The material is adapted from https://github.com/bids-standard/pybids/tree/master/examples

## Example dataset

When `pybids` is installed, some example datasets are added to the library. They are useful to test the structure of the dataset, but they do not contain the actual image files. 
I will use 'syntetic' dataset for some examples. 

In [1]:
from bids.layout import BIDSLayout
from bids.tests import get_test_data_path
import os

ds_path = os.path.join(get_test_data_path(), 'synthetic')

In [3]:
import seedir as sd
sd.seedir(ds_path, style='emoji')

📁 synthetic/
├─📄 dataset_description.json
├─📁 derivatives/
│ └─📁 fmriprep/
│   ├─📄 dataset_description.json
│   ├─📁 sub-01/
│   │ ├─📁 ses-01/
│   │ │ └─📁 func/
│   │ │   ├─📄 sub-01_ses-01_task-nback_run-01_desc-confounds_regressors.tsv
│   │ │   ├─📄 sub-01_ses-01_task-nback_run-01_space-MNI152NLin2009cAsym_desc-brain_mask.nii
│   │ │   ├─📄 sub-01_ses-01_task-nback_run-01_space-MNI152NLin2009cAsym_desc-brain_mask.nii.gz
│   │ │   ├─📄 sub-01_ses-01_task-nback_run-01_space-MNI152NLin2009cAsym_desc-preproc_bold.nii
│   │ │   ├─📄 sub-01_ses-01_task-nback_run-01_space-MNI152NLin2009cAsym_desc-preproc_bold.nii.gz
│   │ │   ├─📄 sub-01_ses-01_task-nback_run-01_space-T1w_desc-brain_mask.nii
│   │ │   ├─📄 sub-01_ses-01_task-nback_run-01_space-T1w_desc-brain_mask.nii.gz
│   │ │   ├─📄 sub-01_ses-01_task-nback_run-01_space-T1w_desc-preproc_bold.nii
│   │ │   ├─📄 sub-01_ses-01_task-nback_run-01_space-T1w_desc-preproc_bold.nii.gz
│   │ │   ├─📄 sub-01_ses-01_task-nback_run-02_desc-confounds_regressors.

## The `BIDSLayout`

A `BIDSLayout` is a Python class that represents a BIDS project file tree and provides a variety of helpful methods for querying and manipulating BIDS files. The `BIDSLayout` initializer has a large number of arguments you can use to control the way files are indexed and accessed. But usually you'd initialise a `BIDSLayout` with just its root path location.

In [2]:
# Initialize the layout
layout = BIDSLayout(ds_path)

# Print some basic information about the layout
layout

BIDS Layout: ...ages\bids\tests\data\synthetic | Subjects: 5 | Sessions: 10 | Runs: 10

### Querying the BIDSLayout

The main method for querying `BIDSLayout` is `.get()`.

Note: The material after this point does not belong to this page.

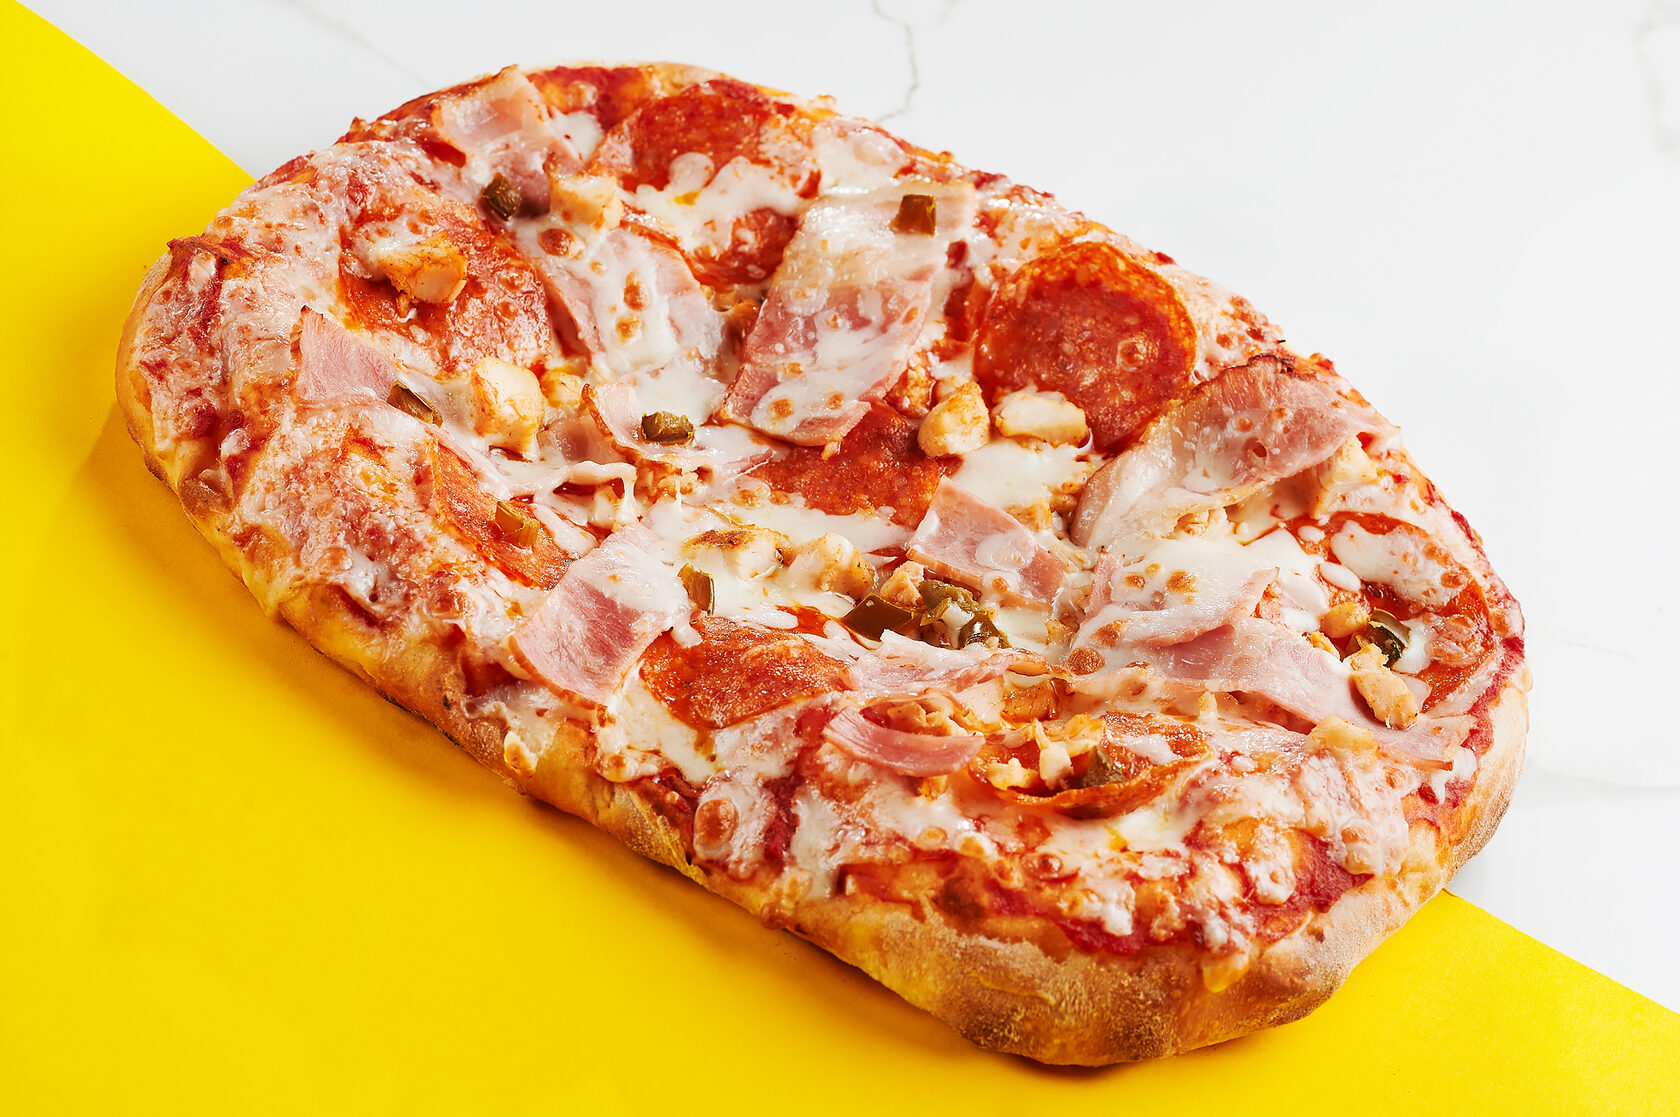 сколько калорий в куске пиццы пепперони додо фото 112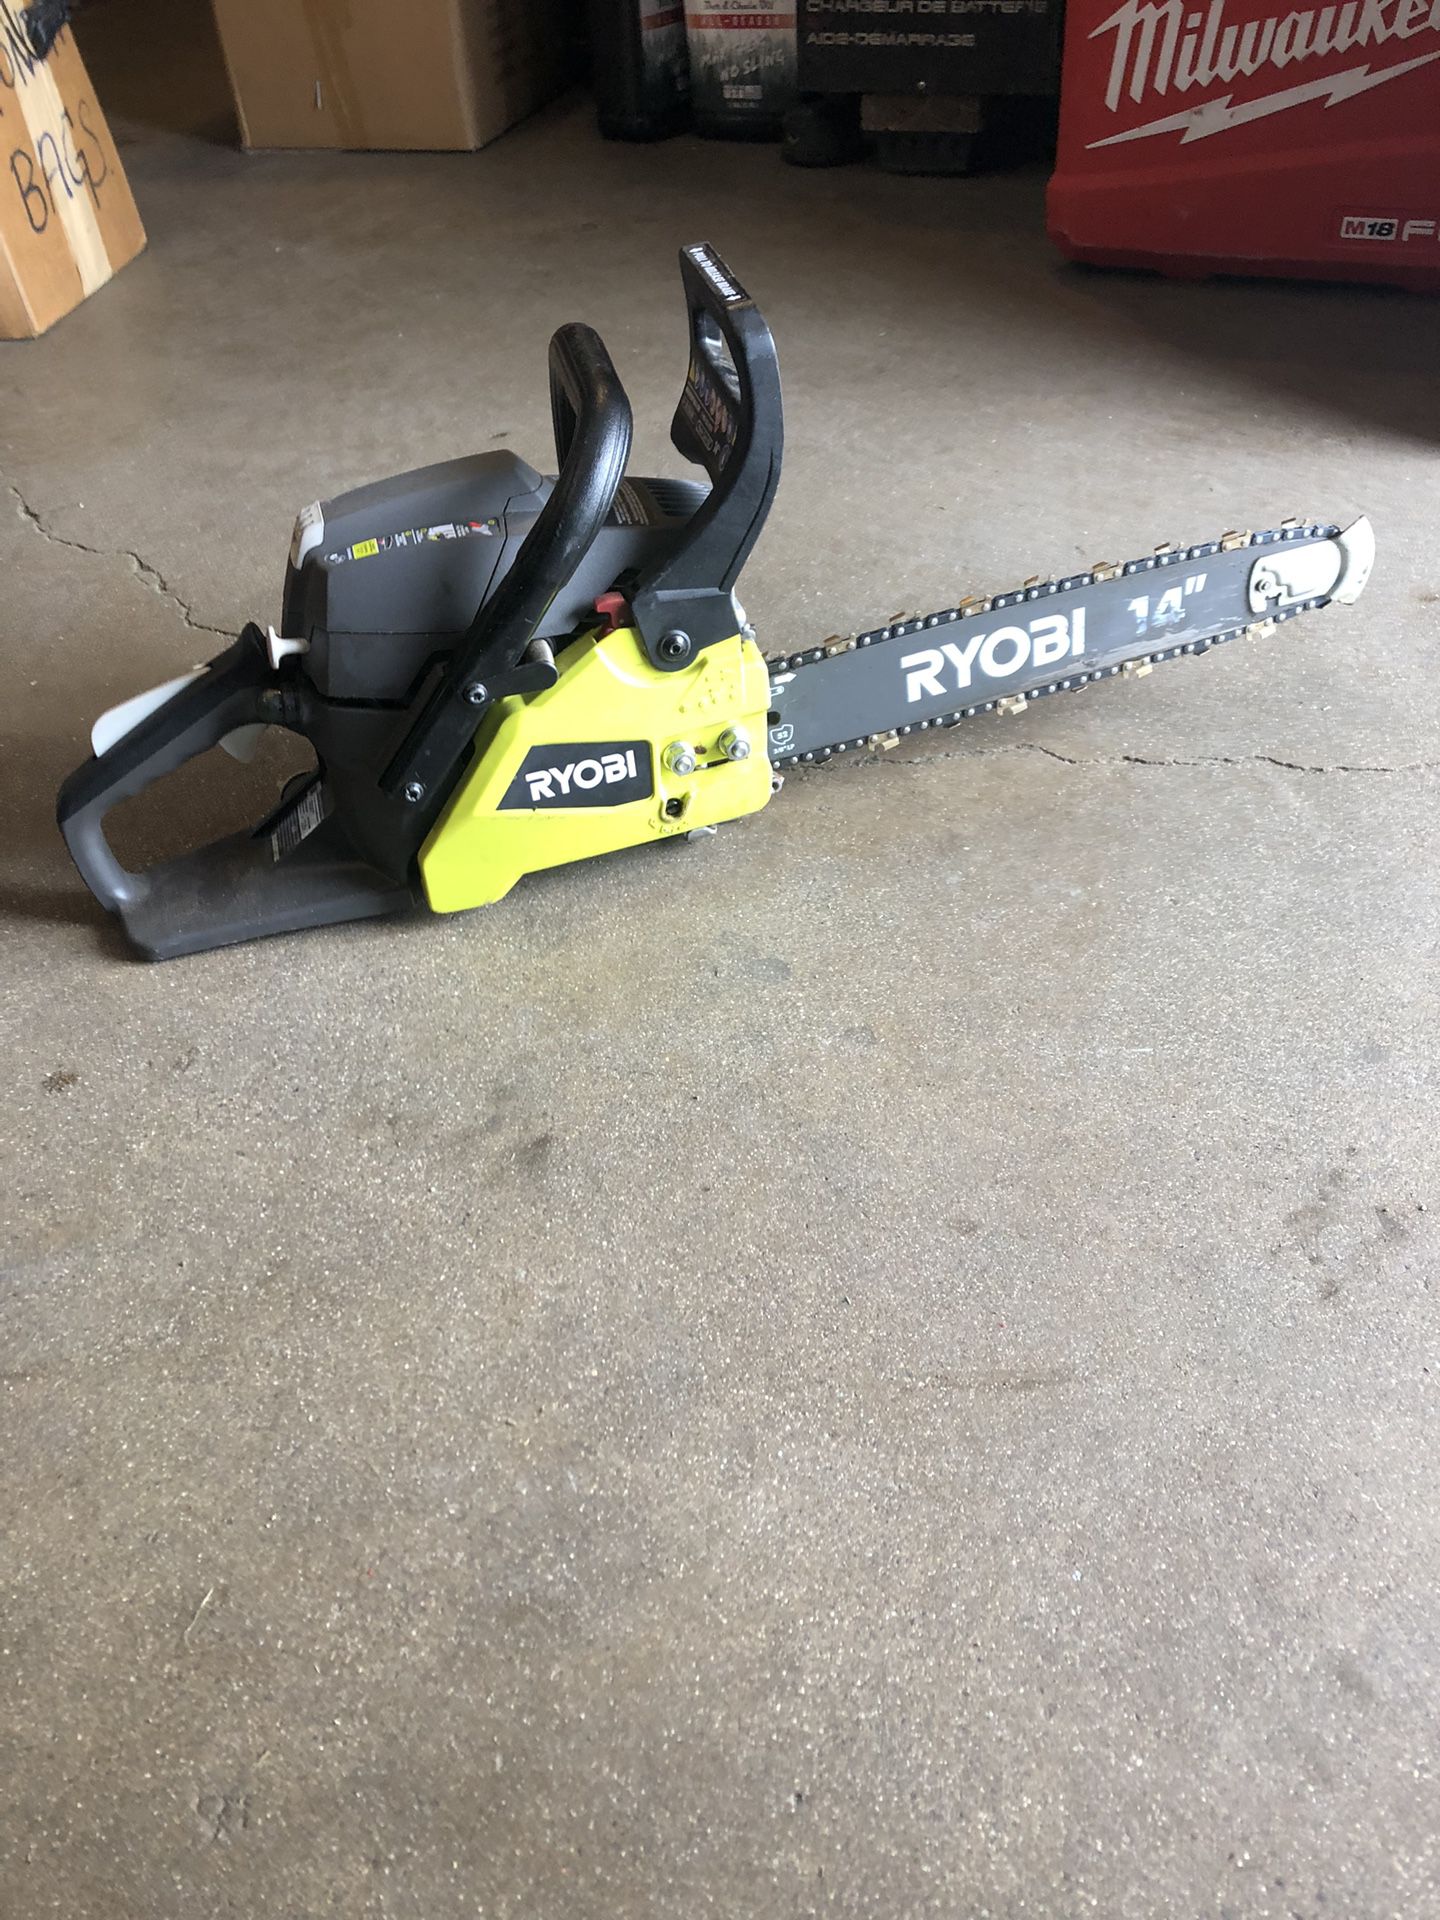 14”RYOBI chainsaw

If we call `.get()` with no additional arguments, we get back a list of all the BIDS files in our dataset.

Get all subject IDs

In [4]:
all_files = layout.get()
print("There are {} files in the layout.".format(len(all_files)))
print("\nThe first 5 files are:")
all_files[:5]

There are 153 files in the layout.

The first 5 files are:


[<BIDSJSONFile filename='D:\miniconda3\lib\site-packages\bids\tests\data\synthetic\dataset_description.json'>,
 <BIDSDataFile filename='D:\miniconda3\lib\site-packages\bids\tests\data\synthetic\participants.tsv'>,
 <BIDSImageFile filename='D:\miniconda3\lib\site-packages\bids\tests\data\synthetic\sub-01\ses-01\anat\sub-01_ses-01_T1w.nii'>,
 <BIDSImageFile filename='D:\miniconda3\lib\site-packages\bids\tests\data\synthetic\sub-01\ses-01\anat\sub-01_ses-01_T1w.nii.gz'>,
 <BIDSImageFile filename='D:\miniconda3\lib\site-packages\bids\tests\data\synthetic\sub-01\ses-01\func\sub-01_ses-01_task-nback_run-01_bold.nii'>]

The returned object is a **Python list**. Each element in the list is a `BIDSFile` object. 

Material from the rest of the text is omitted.